Secondly, I would ask how does this affect the rest of the county?  How does it benefit the residents of Attercliffe Village? Cheapside? Rainham Centre? What does this mean to the communities of Jarvis, Hagersville, Calendonia, Dunnville?  I don’t see a benefit to the small business owners, or to the homeowners, retirees or students.  It would provide more high priced housing in an area that ensures everyone has to have a vehicle to get their needs met.  It would ensure a high tax rate on these new developments, that is out of line with the taxes paid by the rest of the county.  Ask the homeowners in some of the new developments in Caledonia about their property taxes.  

How does it benefit future generations?  The development provides housing for people in a time of scarcity.  The problem?  It doesn’t provide much of a sense of community.  It’s another geographically isolated island of housing.  The families will most likely not feel connected to the rest of the county.  

During all of this, our small towns stagnate, and more stores close up.  Why?
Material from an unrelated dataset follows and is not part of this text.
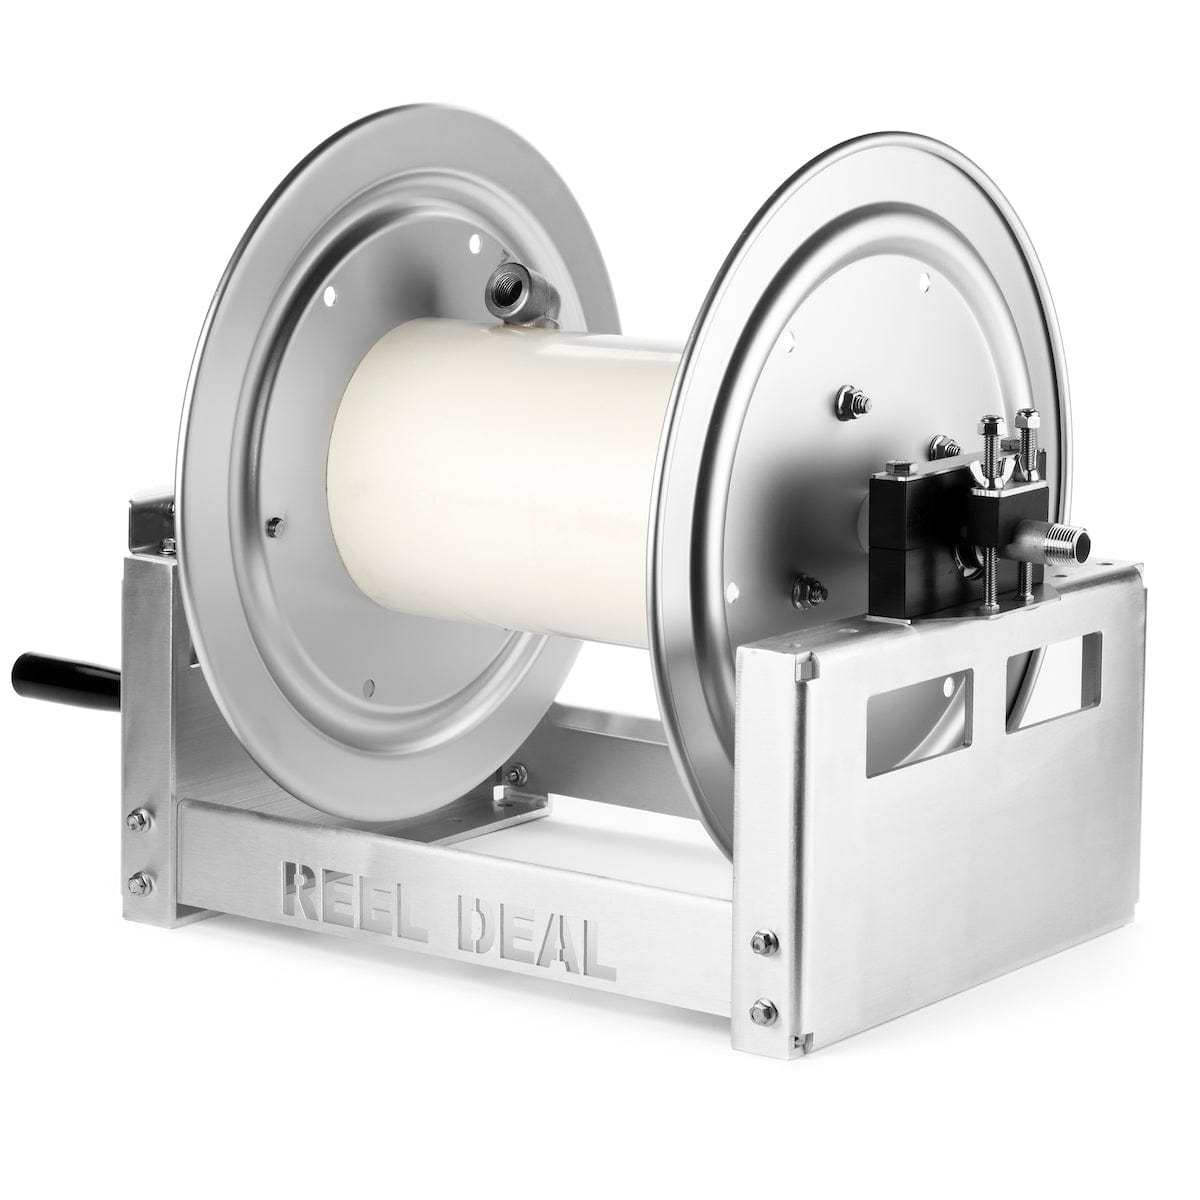 Reel Deal* Hose Reel-12 inch – Southeast Softwash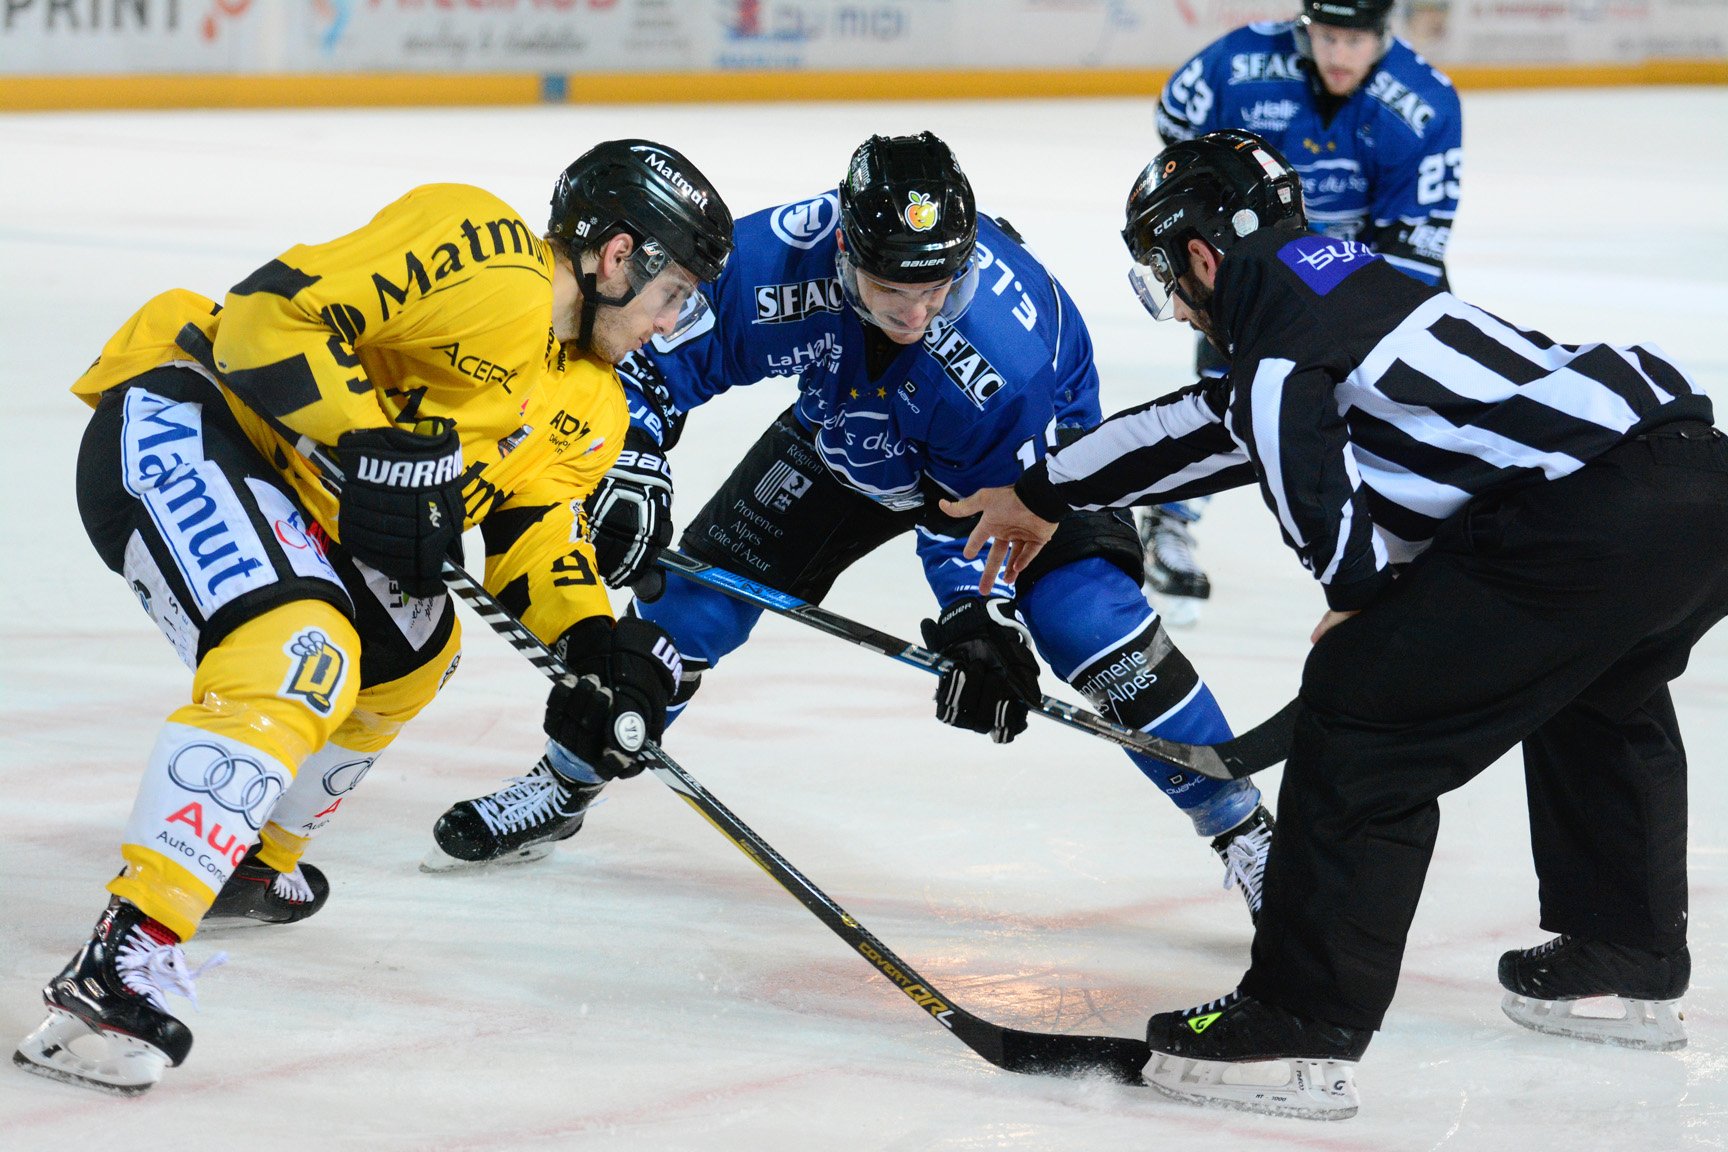 Match de hockey sur glace Gap-Bordeaux à l'Alp'arena - le 5/01 à 20h30

People who get into their car to go shopping are unlikely to drive to any of our small towns to shop.  Their lives are lived outside of the community, and their spending will take place there too (for the most part).  There is nothing to keep their kids in the area, as there is nothing for them to do, and no sense of connection to the place other than it being the house they lived in when they were growing up.

What are the solutions?  Stop the development of massive suburbs.  Protect our farmland, and keep the industrial land for industry.  Invest in our existing communities.  Work toward revitalising our small towns by providing more housing options that are within walking distance of the downtown cores.  Support the development of rental units, or even new construction of three or four storey apartment buildings.  There are some great examples to be seen in other communities.  Preserve the heritage look of the streets, and build appropriate, affordable, attainable housing options.  People who can walk, roll, or bicycle their way to get their needs met will do so.  This allows for people with mobility issues to live more independently.  Our seniors can remain active in the communities where they spent their lives.  More customers means more business, and more opportunity for new businesses.  We should support making secondary suites easier for people to set up, keeping safety regulations in place.  This would allow more people to remain in our communities.  It would be more like the communities we had when I was a child in the seventies.  All the stores were busy: no vacant storefronts.  People shopped locally because they had everything they needed here.  Business owners frequently owned their own building, and had apartments above.  It was in their best interest to keep the building in good repair because it was theirs too.  Now, we have long distance building owners who often treat the property as nothing but an investment, and they don’t care about the tenants as long as the cheques keep coming in.

To sum things up, I feel we could do more for residents of Haldimand by supporting our existing communities, existing business, and existing residents.  We can then provide more opportunities for our youth to work, and to make connections with their neighbours.  I am open to learning more about the nuance of the situation, and have an open mind to learning and growing in my views.  This will be a sustainable way to ensure that everyone benefits from development, not just a select few.